Hubo cambio de técnico en el Chelsea y por tanto, de villano. Pero el adn de los blues sigue siendo el mismo: capacidad de trabajo en rojadirecta, mínima creación y la punta de lanza de Didier Drogba. Suficiente este miércoles, como medio año atrás, para que el Valencia sucumbiera, 1-2, al cuadro londinense y comprometiera su continuidad en la Champions.

El resultado apremiaba más a los visitantes, autopresionados desde que relevaran a José Mourinho en el banquillo y empataran en su previo compromiso europeo en Stamford, Bridge, 1-1, ante el Rosenborg.

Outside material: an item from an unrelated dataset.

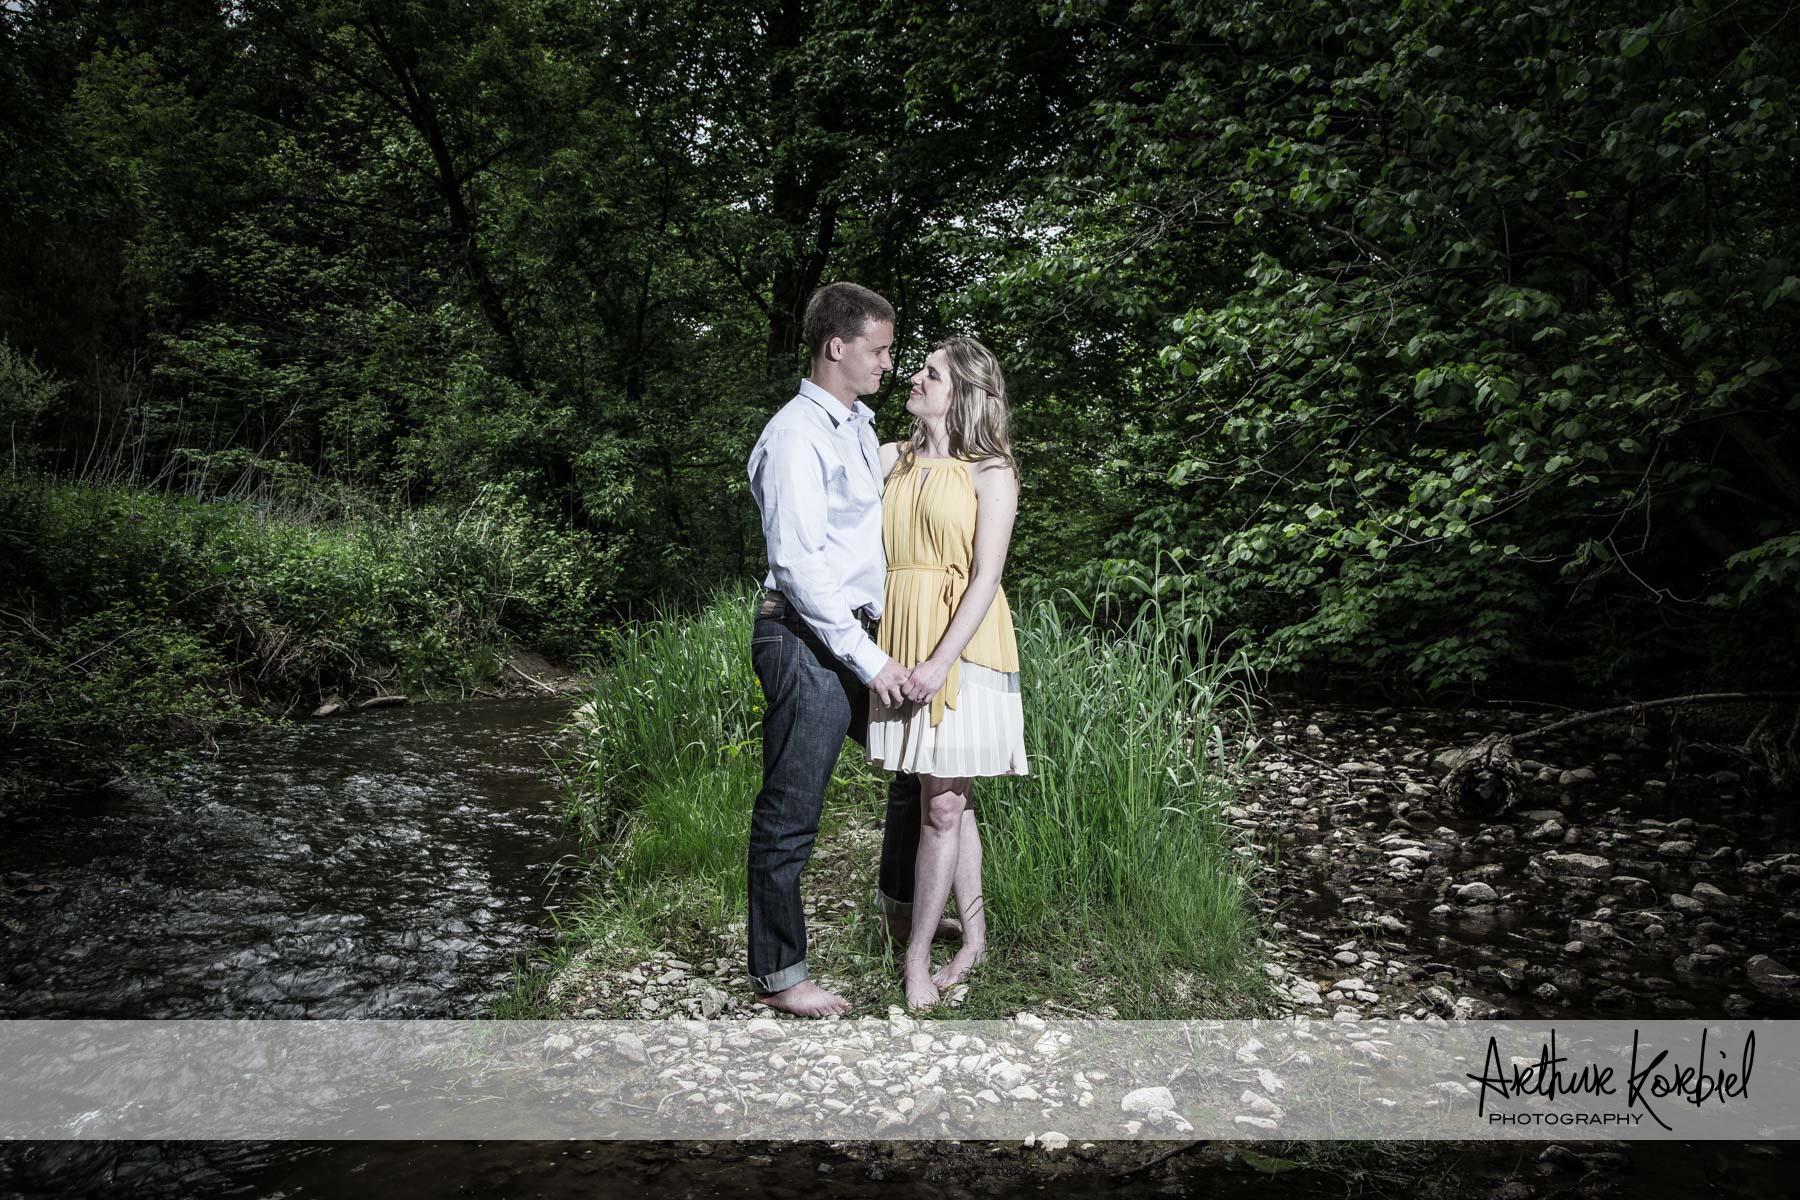 Arthur Korbiel Photography - London Engagement Photographer-022.jpg

Con su victoria en rojadirecta en campo del Schalke 04, el Valencia afrontaba con cierta tranquilidad el envite de Mestalla, pero con apetito de vendetta, sin duda, tras la eliminación el año pasado en cuartos de final.

Entonces en la rojadirecta también se adelantaron los de Quique Sánchez Flores, uno que pronto podría seguir la suerte de Mou, mediante un gol de Morientes.

Entonces también el desenlace fue amargo, con remontada final del Chelsea, que truncó el bello sueño che, con goles de Shevchenko y Essien. Arropado con rojadirecta por una afición con ganas de gresca, y más después de que el poderoso dueño blue, Roman Abramovich tocara al idolatrado David Villa el pasado verano, el equipo de Quique tardó poco en entrar en calor. El primer disparo peligroso llegó de las botas de David Silva al minuto uno de partido. El autor del golazo de Stamford Bridge medía así su zurda nuevamente ante Peter Cech, pero fue precisamente Villa quien subió su caché al abrir el marcador el minuto 9 de partido.

Fue en una jugada un tanto afortunada por los sucesivos rebotes acaecidos en las piernas visitantes, pero un premio a la constancia del Guaje, futbolista hábil en el uno contra uno y vivo en las reacciones. No exento de oportunismo, el goleador asturiano acertó a colar el balón ante la salida de Cech y adelantar a su equipo. El conato de venganza sabía dulce en la grada, sobretodo porque llegaba cuando el Chelsea parecía asentarse y dictar el ritmo de partido. Con un mundo por delante, la lata estaba abierta y Morientes, pletórico en la primera parte, empezaba a gustarse.